Yeah, speed up the MCU, add a resource-eating OS and make yet another new Pi.
The USP of Teensy is it's bare metal simplicity at maximum usable power. Once an OS is in, there are others already well ahead. It would be like turning around to chase the ones who went the other direction years ago. BUT WHY?
Because, at the end, it's EASIER to use. Your PC can do multitheading, too. Ever thought about the "why"?
Up to Teensy 3.6 I said the same. We don't need multithreading there.
But the T4 speed changes everything... it spends the most of the time either waiting or running through "loop()" senseless fast. But while it waits, it can do other, more useful things.

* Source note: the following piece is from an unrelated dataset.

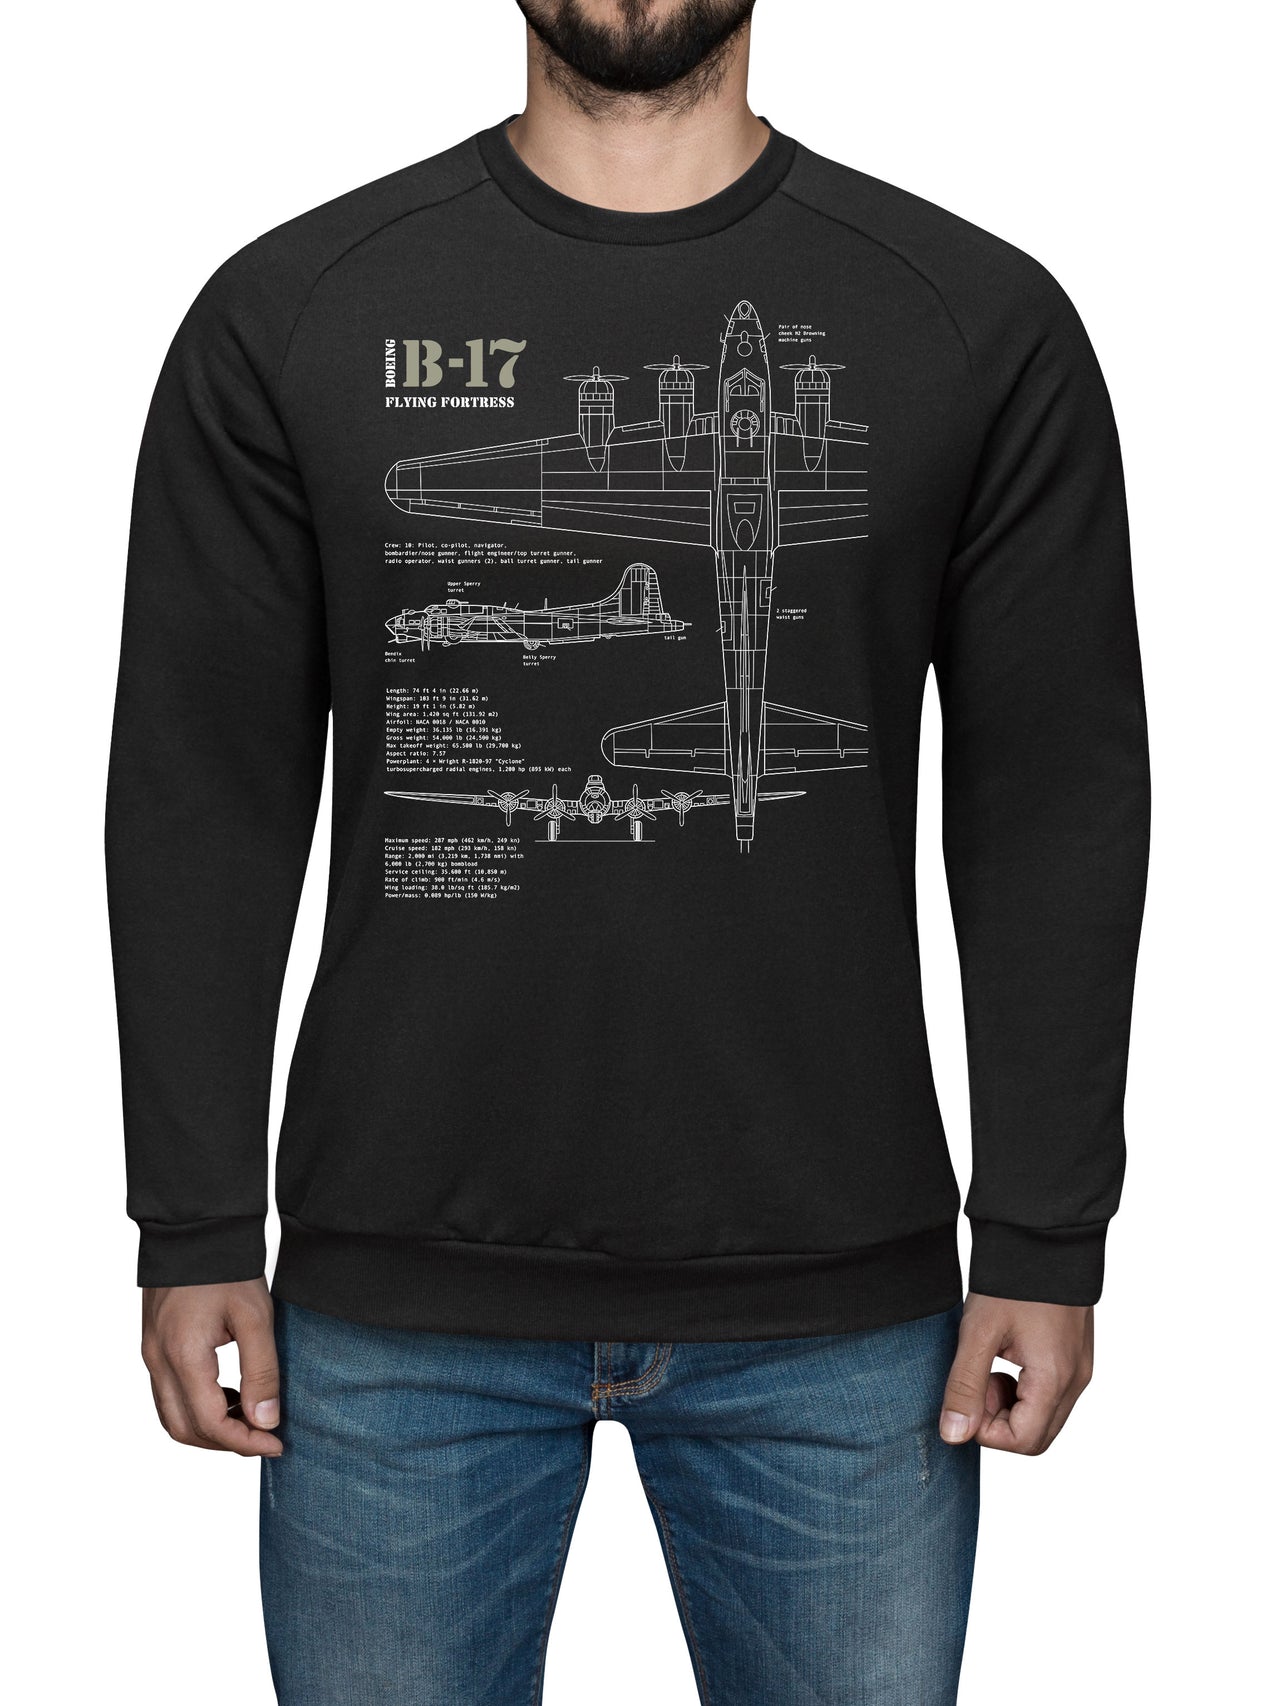 B-17 Flying Fortress - Sweat Shirt

Yes, yield() is intended for this, but is very unflexible.
But you're right - perhaps it makes sense to add a switch that enables/disables multithreading(?)
@Paul: I'd begin even more basic.. with a useful stacktrace when something crashes. First, for the hardfaults, then, maybe we can try to remove -fnoexceptions?
This will make debugging much easier. The next could be wire, and adding a mechanism for timeouts/watchdogs and semaphores.. later mailboxes.. all things that we will need sooner or later. we can test these with wire
@Deleted User: wouldn't it be useful if the slow I2C could run "in the background", for several devices, without thinking too much about it? And at the same time doing fast USB and SPI in parallel? We will have a 2nd core for this...
If you use Audio or USB you already use multithreading. Its just called different. Interrupt. For Audio: Software-Interrupt.